If you need to put a server in an office where people are working, you may want to know how much noise it makes. It is surprisingly difficult to find out.
Most larger offices will have a computer room with air conditioning and special power supplies. But in some offices you may need to put the computers in a side room, and sometimes just in a corner. You may be renting a prestige office in the city, or have a temporary office in a new country. There are all sorts of reasons you may need to put the server somewhere out of the way but in the same room where people are working. We often have servers in the offices for development and testing.
The noise ratings for servers are tucked away in the technical specifications. Occasionally you will see a reference in the marketing material to "new quiet operation" but not much more.
Noise ratings in the computer industry are usually declared in line with ISO 9296. The standard noise raing is at Idle Minimum, in BELS (10 decibels) for the declared A-weighted sound power level (L WAd). This is given in the specs as L WAd (BELS). The BELS measurement is logarithmic, like the Richter scale for earthquakes and Beaufort scale for windspeed. An increase of about 1 BEL will be perceived as roughly twice as noisy. Noice perception is very subjective, but a human whisper is around 3.4. A quiet PC is around 4.0. Human conversation is around 6.9, a very quiet vacuum around 7.2.

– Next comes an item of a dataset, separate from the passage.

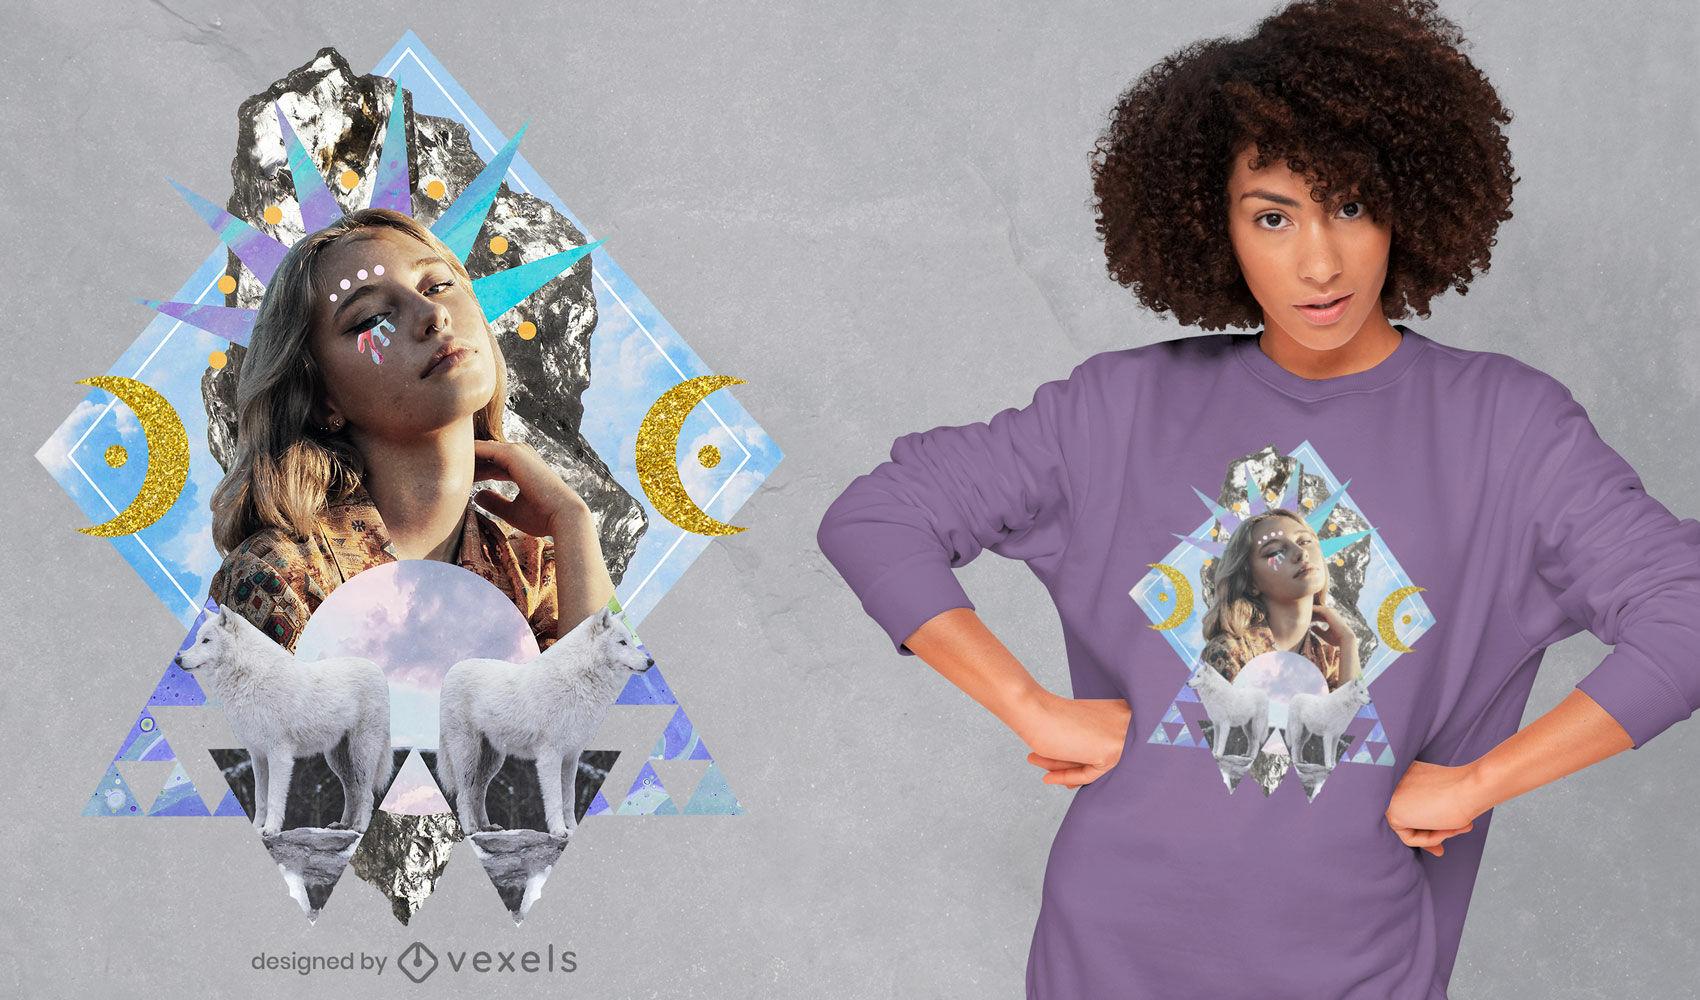 Mystical fantasy collage t-shirt psd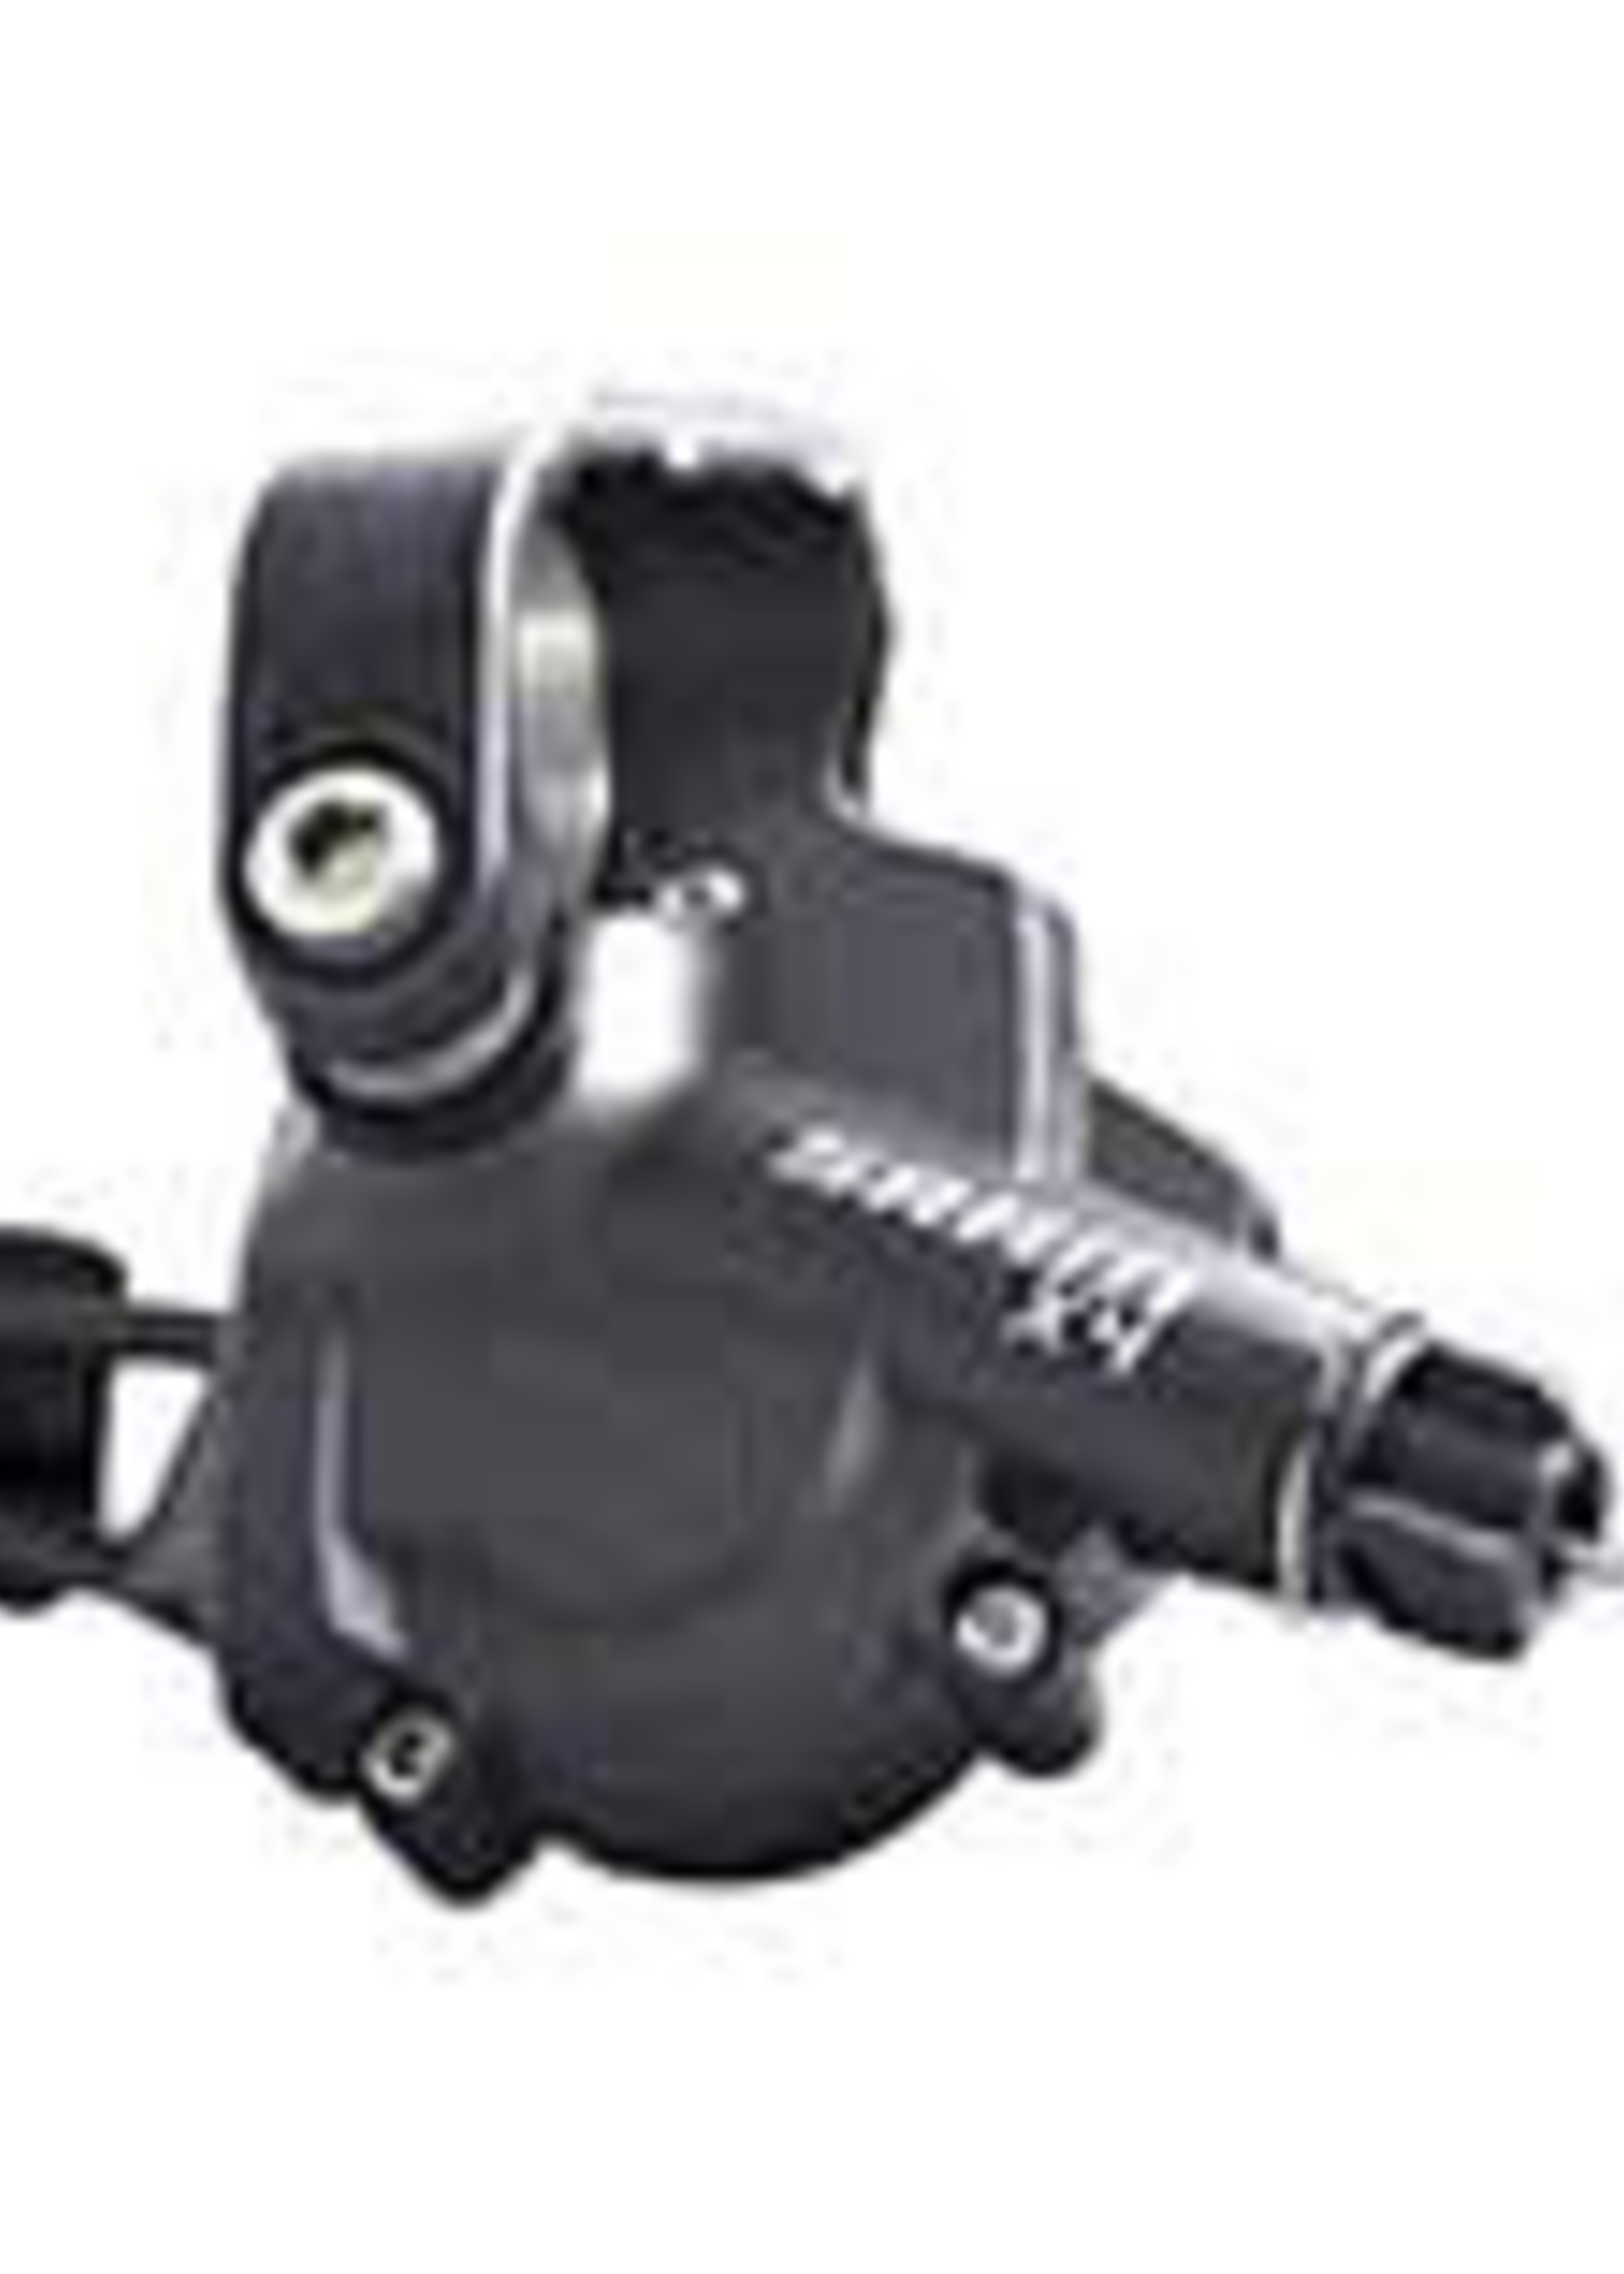 SRAM SRAM X3 3X7 SHIFTER PAIR

Here are the noise ratings for different models of HP servers:
DL 380 G5 6.4
ML 370 G5 5.9
ML 350 G5 5.0
ML 350 G4 6.0
ML 310 G3 5.7
ML 110 G3 5.5
These are all around 5 or 6, but with the logarithmic measurement the very quietest server is twice as noisy as a quiet PC, and the noisiest is getting towards the level of people conversing, although at a different pitch. You might think that the smaller servers would be designed more to go in offices. There is a slight reduction, but not much. The ML 110, which looks hardly more than a tower PC, is half as noisy again. The bigger servers are too noisy to be in a quiet room. If you have a large open plan office with a lot of people talking, and an out of the way corner somewhere, you might not notice it. But in a quiet office or ante-room you certainly would.
The most impressive thing is the noise reduction of the new ML 350 G5. It is half as noisy as its predecessor, with no similar reduction in other G5 models. And yet the marketing description barely mentions it. You would need to be really looking, and know where to look, to notice it.
If a server is too noisy, perhaps you could consider a workstation. Something like the XW 6400 provides similar performance to a server at a similar price, although without the server durability features. But the XW specifications have no mention of noise. The XW 6200 does not refer to noise. The new XW 6400 has a noise rating marked "TBD".
I rang HP to see how much noise the workstations made compared to the servers. HP Technical Support referred me to Customer Service. Customer Service referred me to Support. I was told there was no-one who knew, no showroom or demonstation centre anywhere at all, ask a reseller. I asked the reseller. No-one could say, they don’t have them around, ask HP. There is no noise rating for a workstation, although it is likely to be the noisiest model you would put at a desk.
So if you want a server to put in a quiet office, there is one model that will probably do, the HP ML 350 G5. But you won’t be able to check it out first. Going through these specifications, I am very impressed by the effort going in to noise measurement and reduction by manufacturers like HP, Dell, IBM and Toshiba. It is just so hard to find out.